What investors are excited about today is the promise of generative AI. This term wasn't popular when Waabi launched, but it nonetheless describes the system Urtasun and her team created. Urtasun says Waabi is the next generation of genAI that can be deployed in the physical world. Unlike today's popular language-based genAI models, such as OpenAI's ChatGPT, Waabi figured out how to create such a system without relying on huge datasets, large language models, and all the computing power that comes with them.

Urtasun says Waabi Driver has incredible generalization abilities. So, rather than trying to train a system for every single data point that has or could exist, the system can learn from a few examples and handle unknown data in a safe way.

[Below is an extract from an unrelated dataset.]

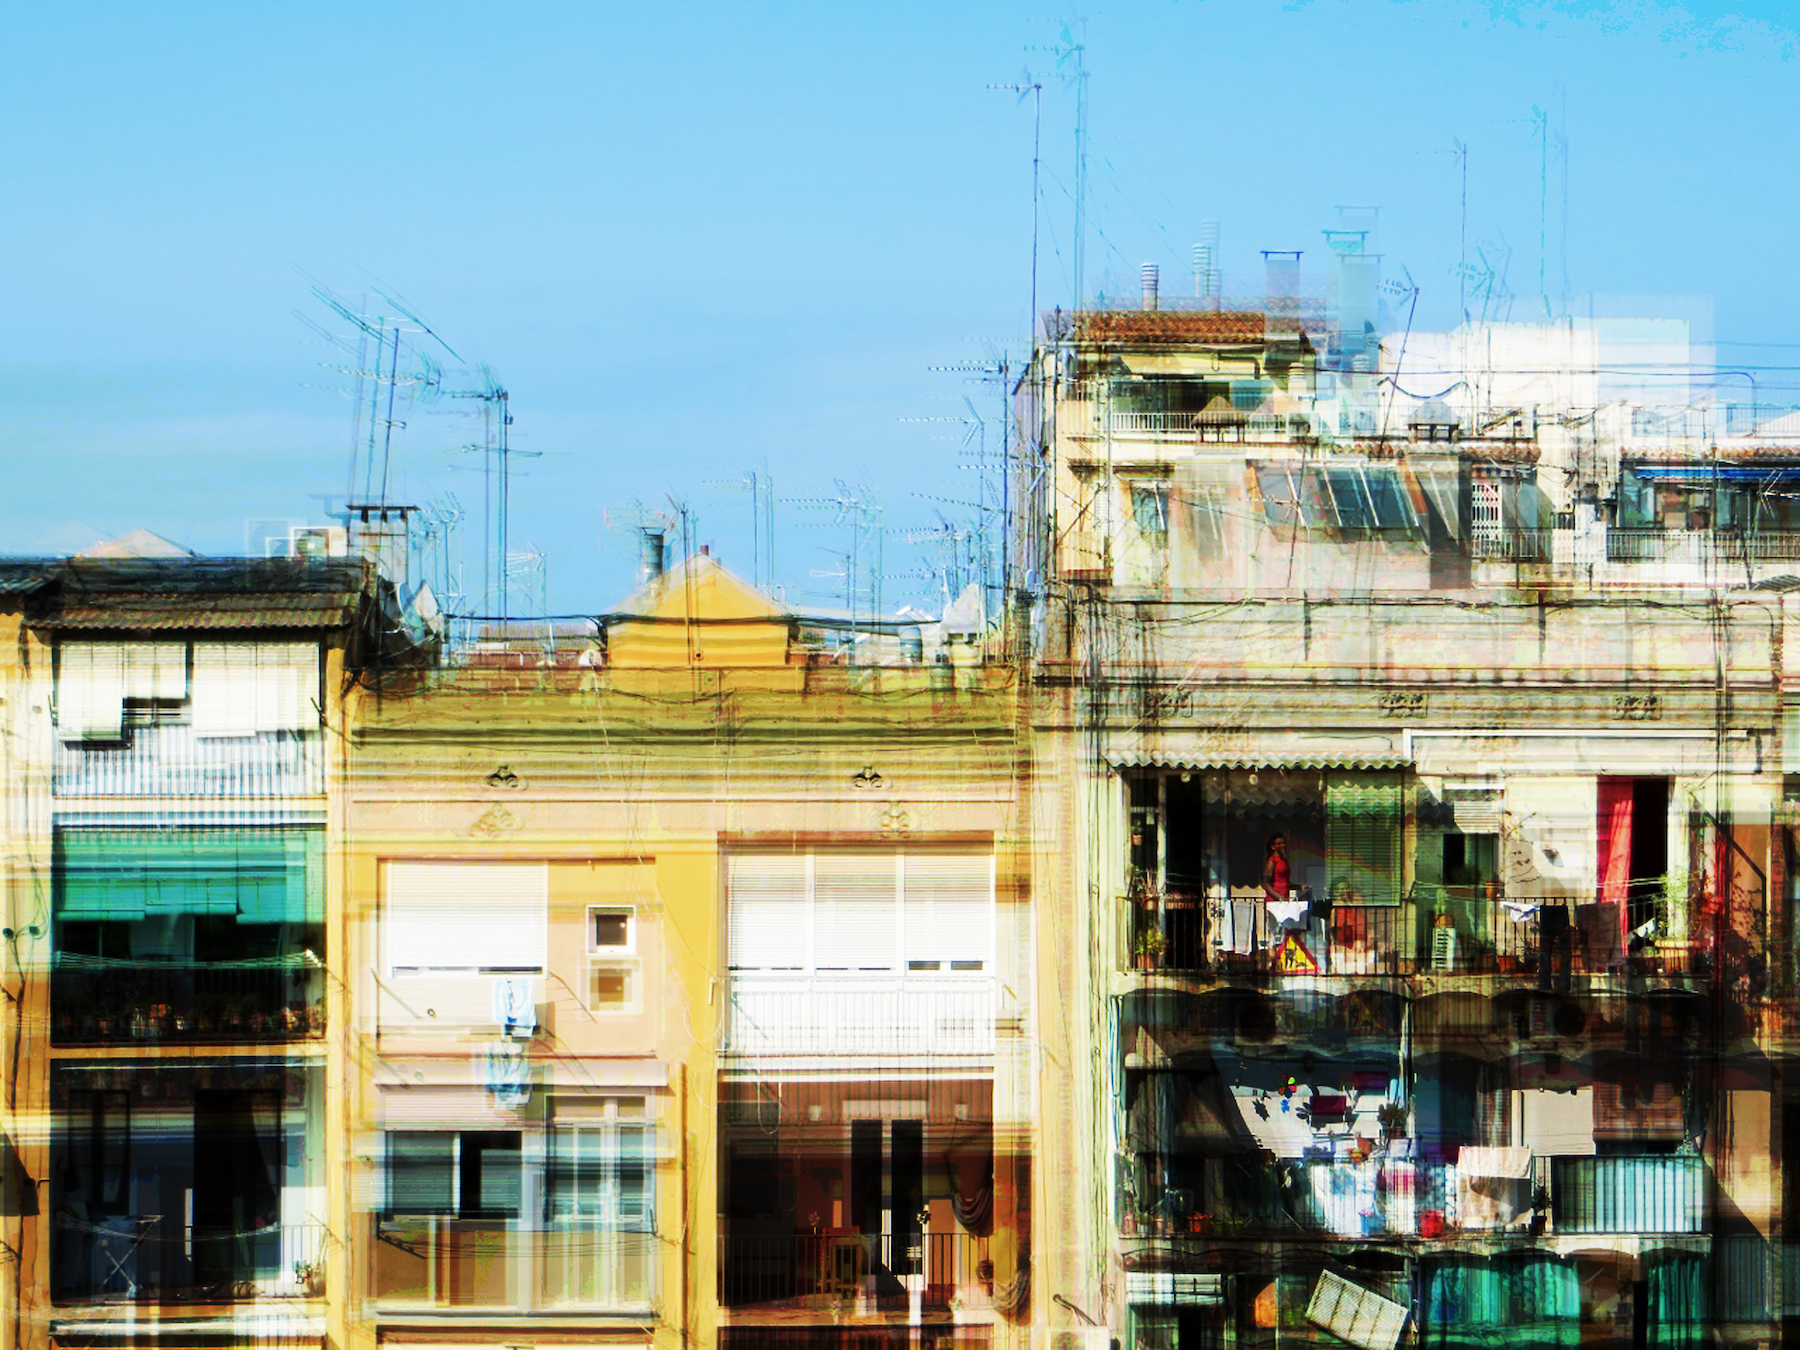 Barcelona , archival inkjet print, 16 x 20 inches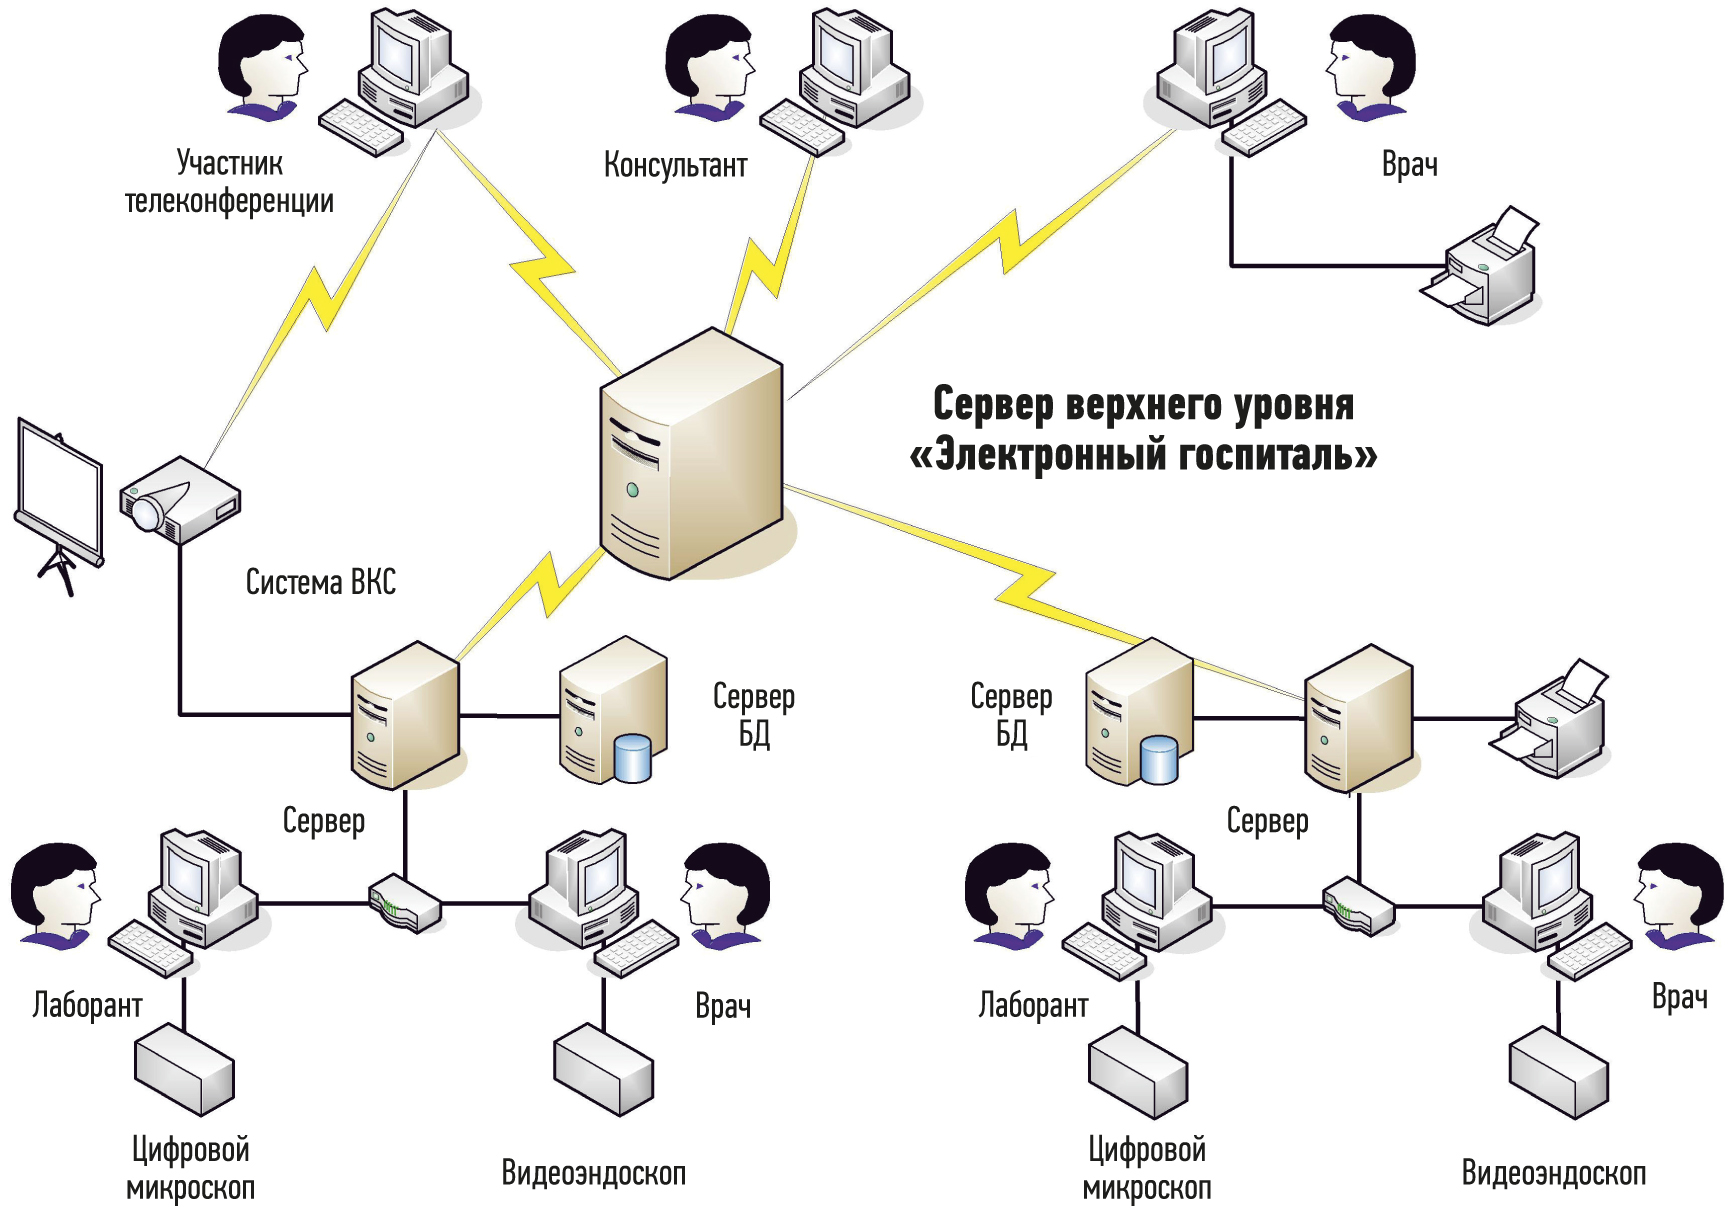 Функциональная схема сетевой информационной системы телемедицинского комплекса «ЛОМО»

“That was in the design. We’ve built a system that can perceive the world, create an abstraction of the world, and then take that abstraction and reason about, ‘What would happen if I did this?’” Urtasun said.

Human-like reasoning-based approaches are much more scalable and more capital efficient, Urtasun says. It is also important for validating safety-critical systems running at the edge. She doesn't want a system that takes seconds to respond. Otherwise, she said, the vehicle would crash. Waabi announced a partnership to bring Nvidia's Drive Thor to self-driving trucks. This will give startups access to automotive-grade computing power at scale.

On the road, it appears that the Wabi driver must understand that there is something solid ahead and must drive carefully. You may not know what it is, but you will know how to avoid it. Urtasun also said drivers could predict how other road users will behave in a variety of specific situations without the need for training.

Urtasun “understands things without telling the system about the concept of objects, how they move in the world, whether different things move differently, whether there is closure, whether there is uncertainty, how to behave when it rains a lot”. said. “All of this is learned automatically. And because they are exposed to driving scenarios right now, they learn all those skills.”

She noted that Waabi's single, streamlined architecture can be applied to other autonomy use cases.

“If they are exposed to the interaction of picking up and dropping objects in a warehouse, they can learn without problems,” she said. “You get exposure to different use cases and learn how all the technologies work together. “There are no limits to what you can do.”